● **TASK TO COMPLETE**
Go to the line holding "by João Vinicius" in the data below and repeat it exactly, then each line after it up to and including the one holding "to COSMOS Oversıze". Omit pictures.

● **DATA EXTRACTS**
-- -- --

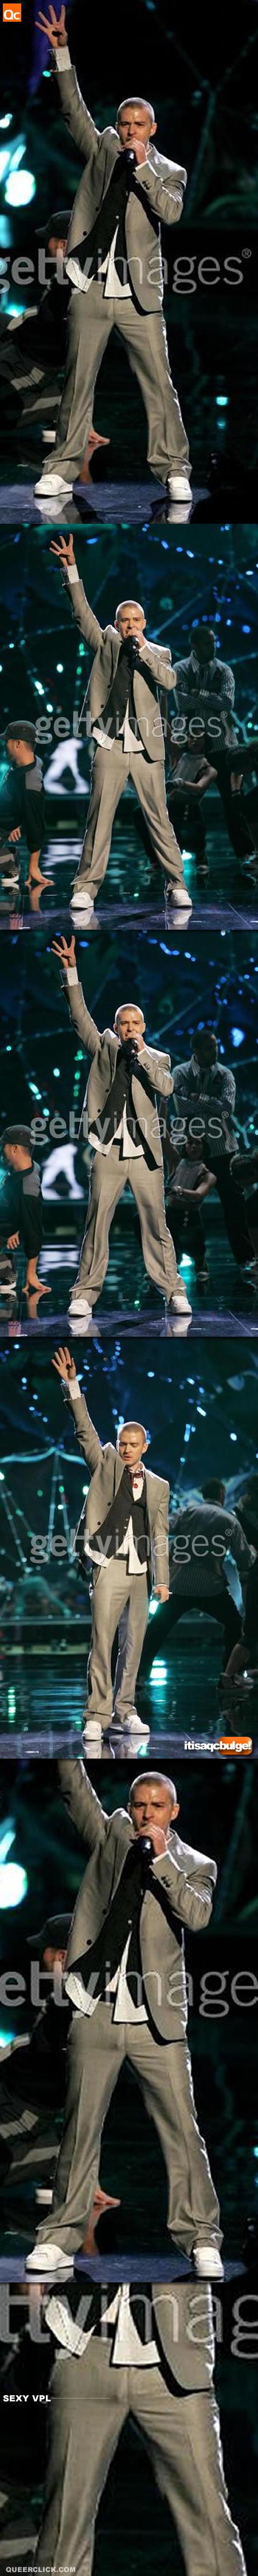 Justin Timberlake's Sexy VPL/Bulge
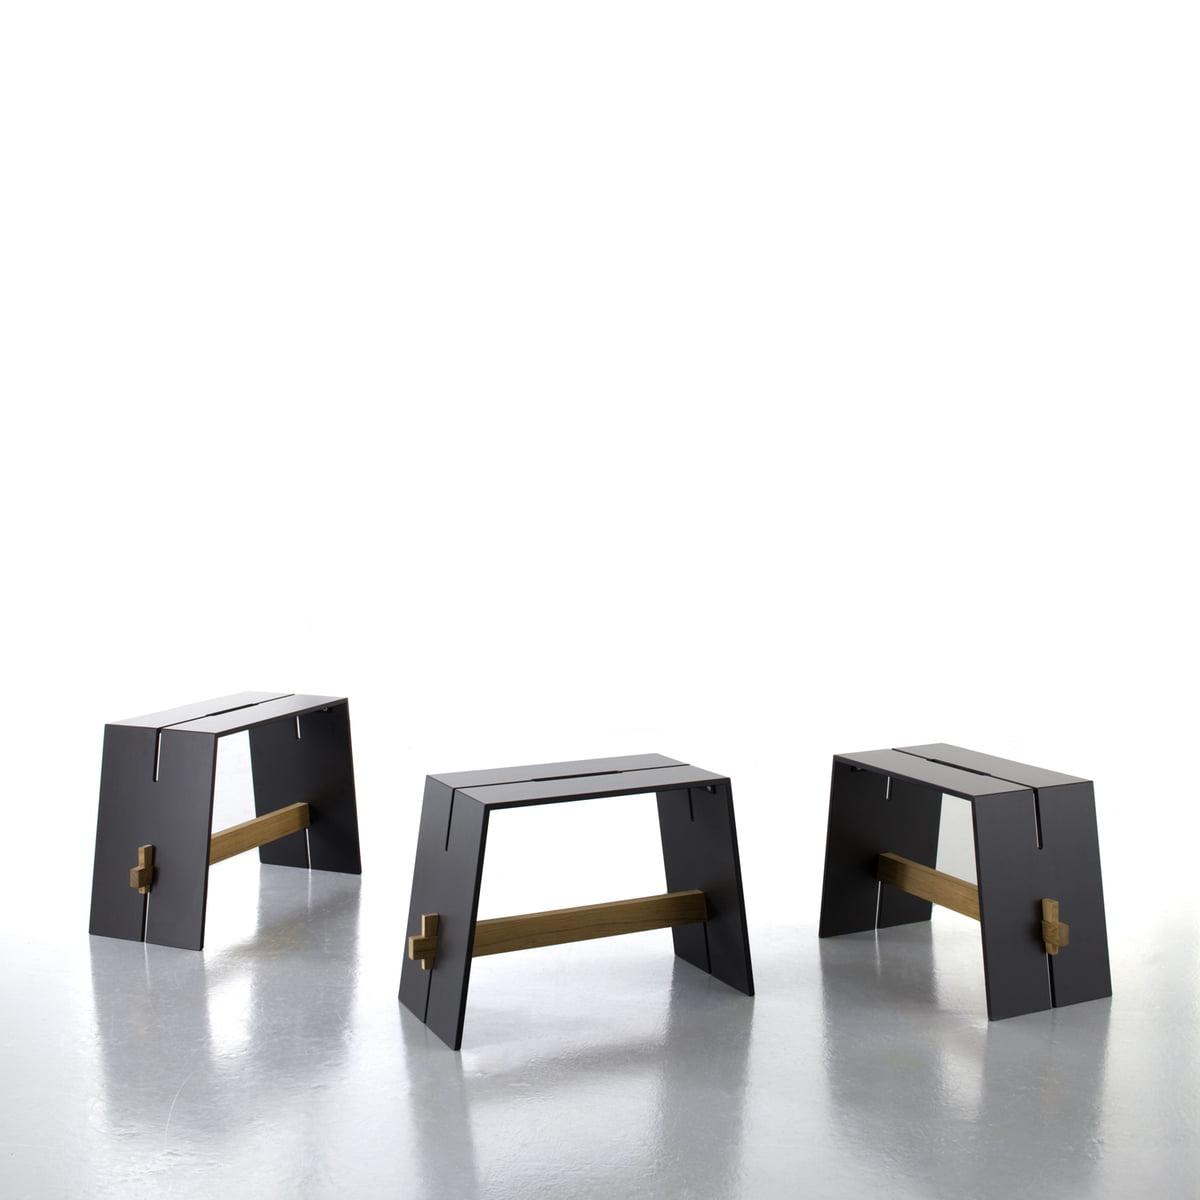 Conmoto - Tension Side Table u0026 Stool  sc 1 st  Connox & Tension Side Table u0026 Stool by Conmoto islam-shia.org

-- -- --

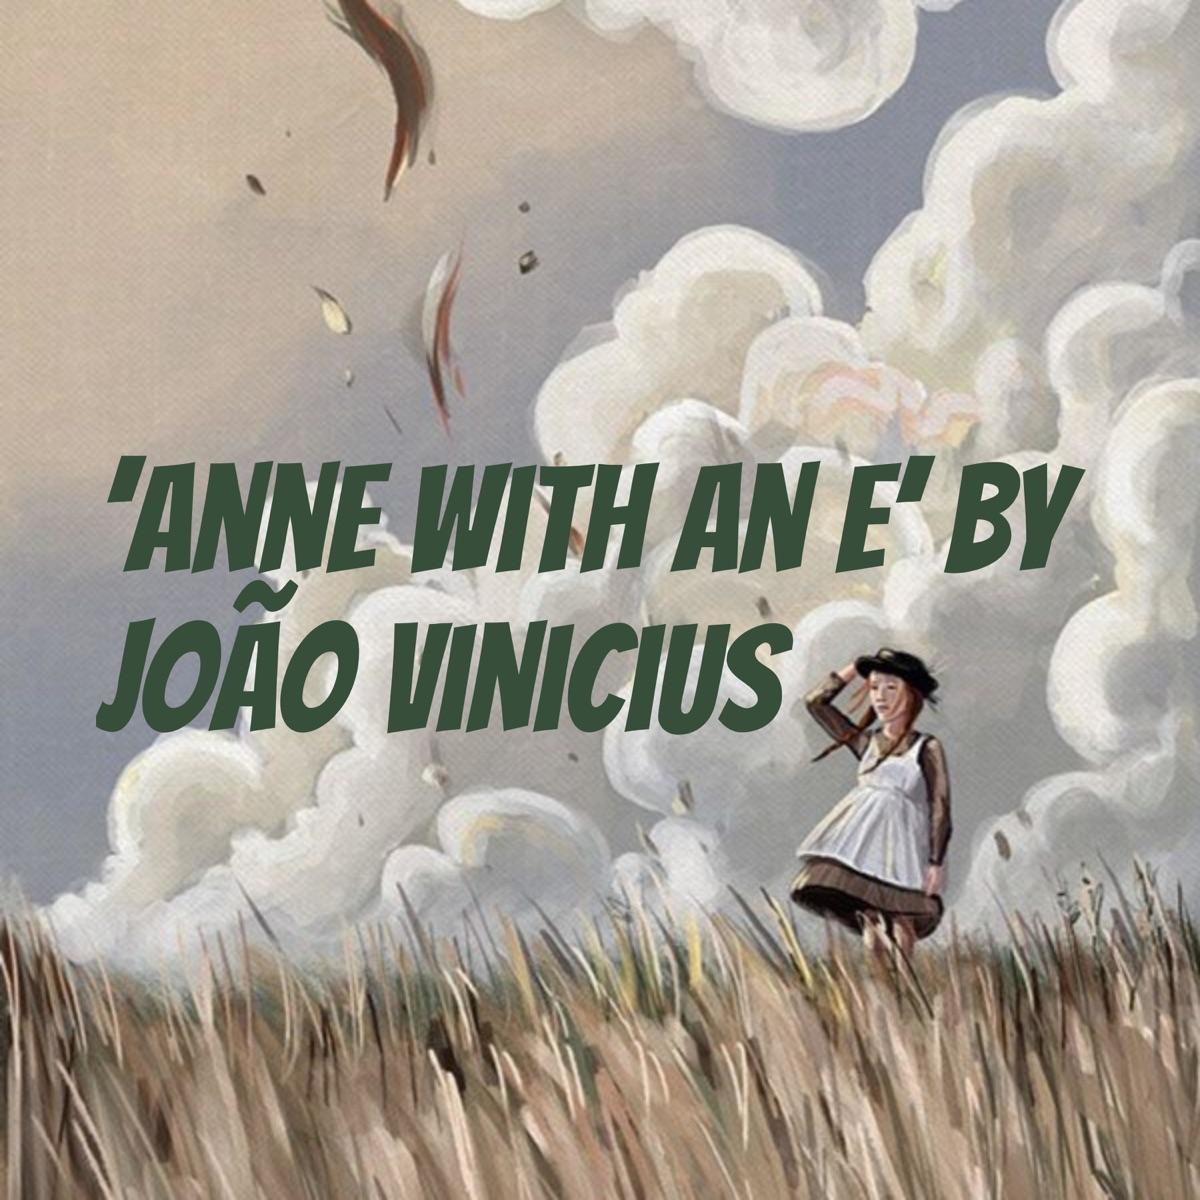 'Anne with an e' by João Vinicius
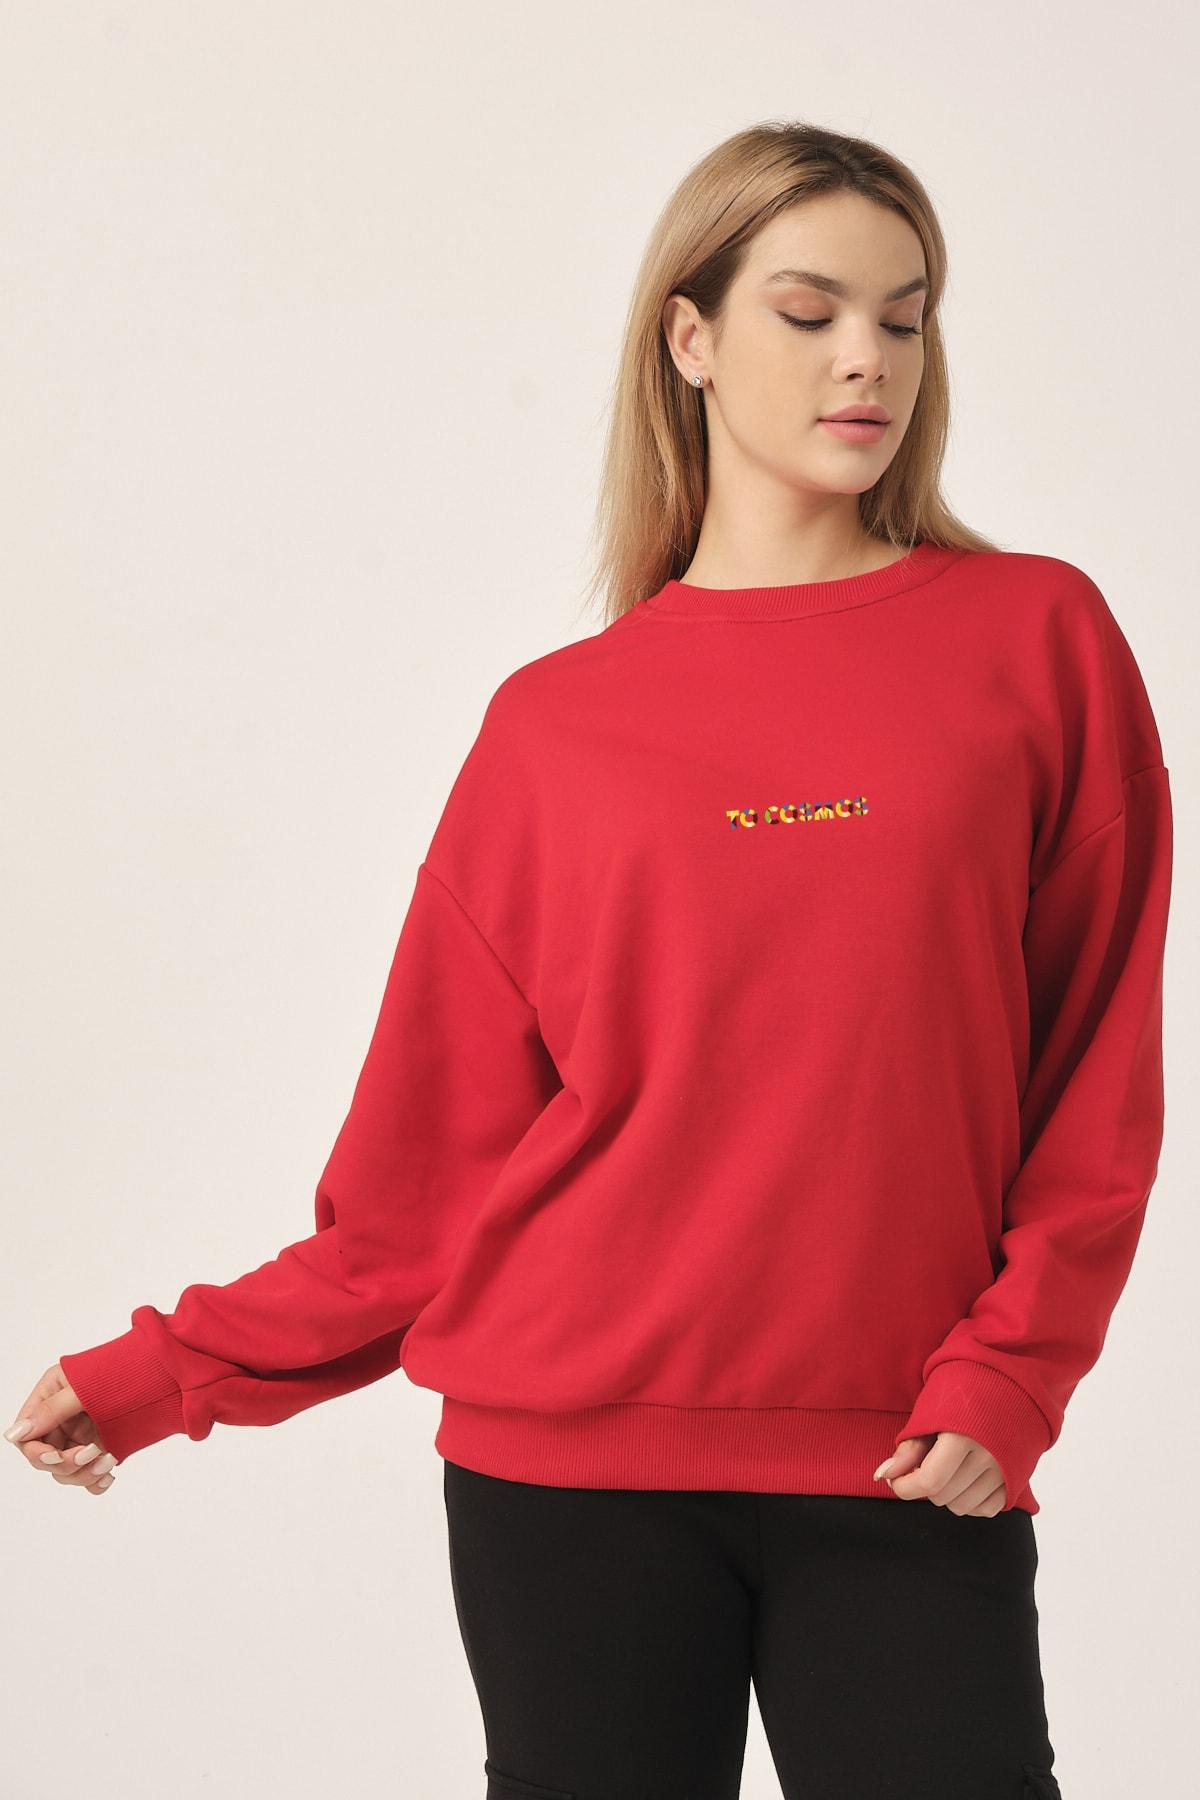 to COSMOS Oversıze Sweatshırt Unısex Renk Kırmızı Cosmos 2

-- -- --

● **SOLVED EXERCISE**
 'Anne with an e' by João Vinicius
 to COSMOS Oversıze Sweatshırt Unısex Renk Kırmızı Cosmos 2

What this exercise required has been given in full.